SOURCE MATERIAL
********************
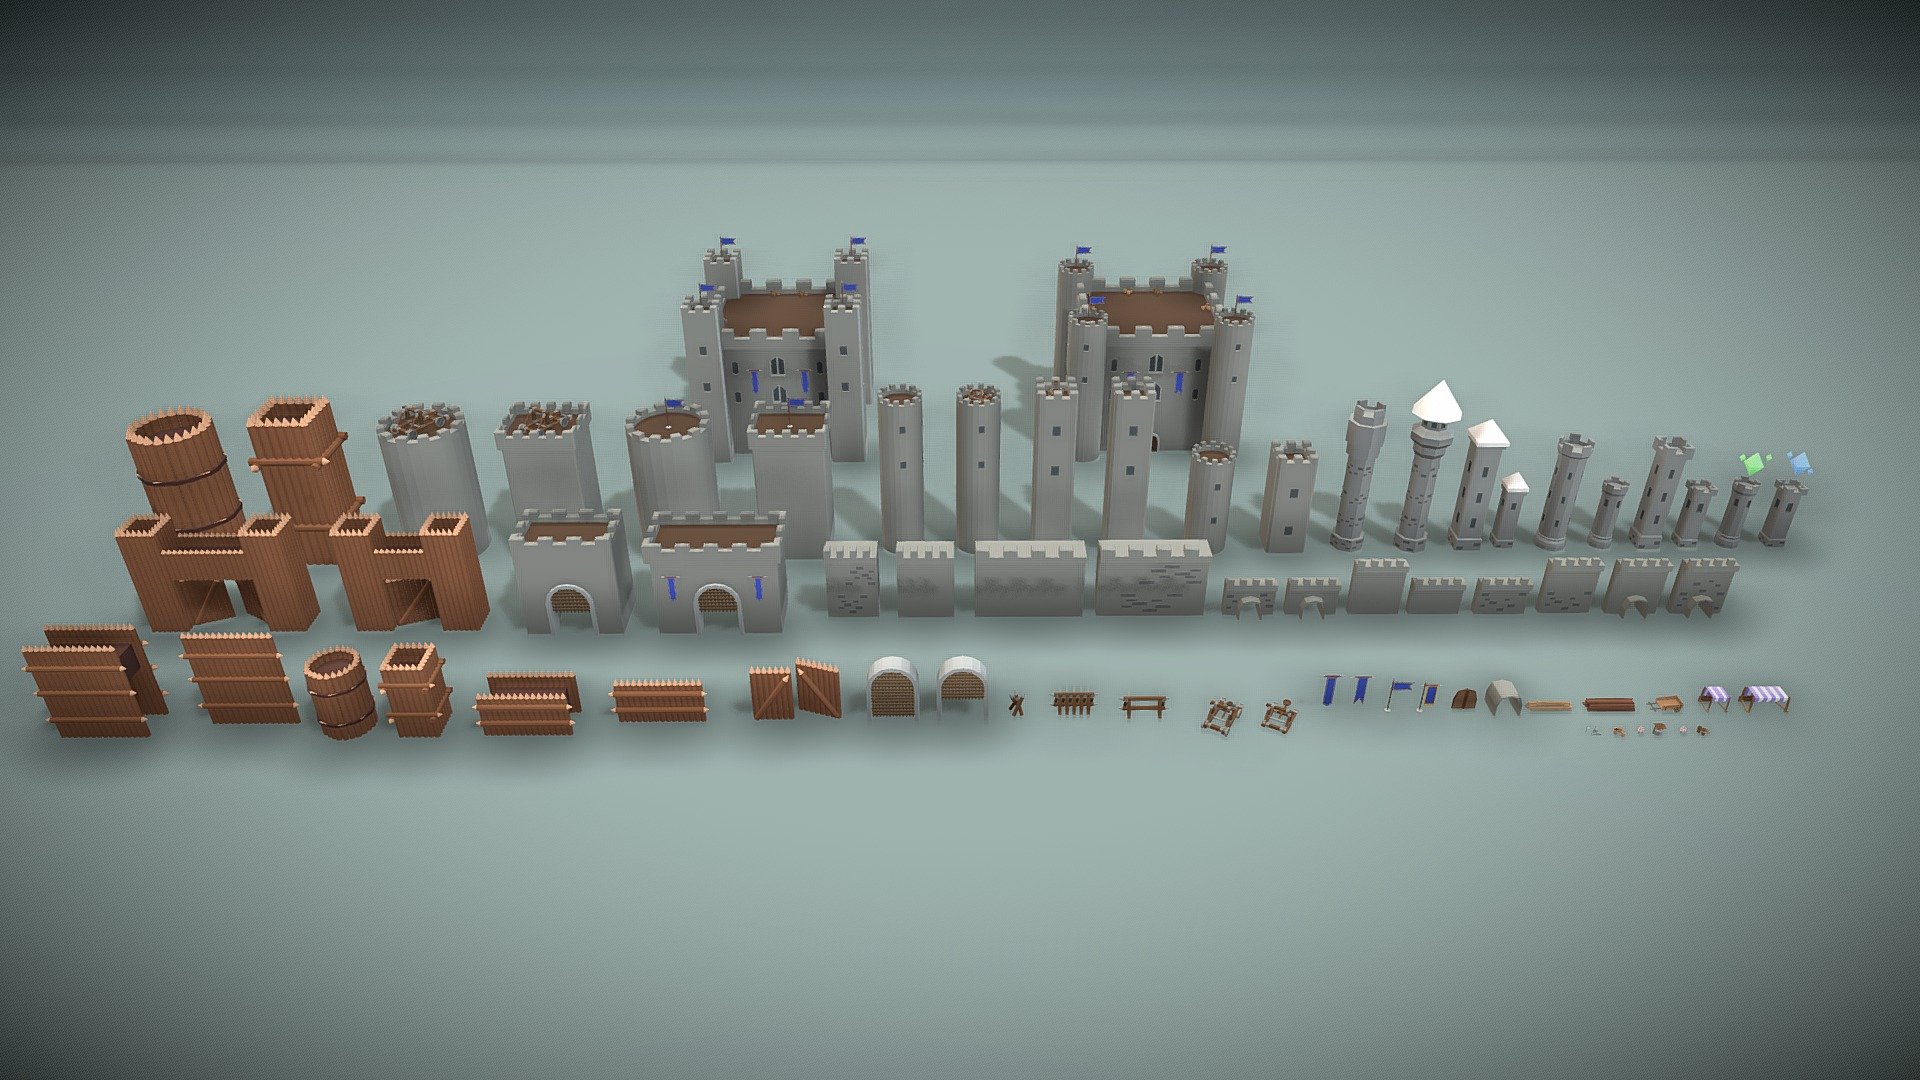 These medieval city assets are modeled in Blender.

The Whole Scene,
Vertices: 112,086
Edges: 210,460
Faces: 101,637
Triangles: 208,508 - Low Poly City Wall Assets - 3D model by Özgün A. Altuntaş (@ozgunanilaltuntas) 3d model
********************
Could you restate the entries word for word, skipping any pictures?

 These medieval city assets are modeled in Blender.

The Whole Scene,
Vertices: 112,086
Edges: 210,460
Faces: 101,637
Triangles: 208,508 - Low Poly City Wall Assets - 3D model by Özgün A. Altuntaş (@ozgunanilaltuntas) 3d model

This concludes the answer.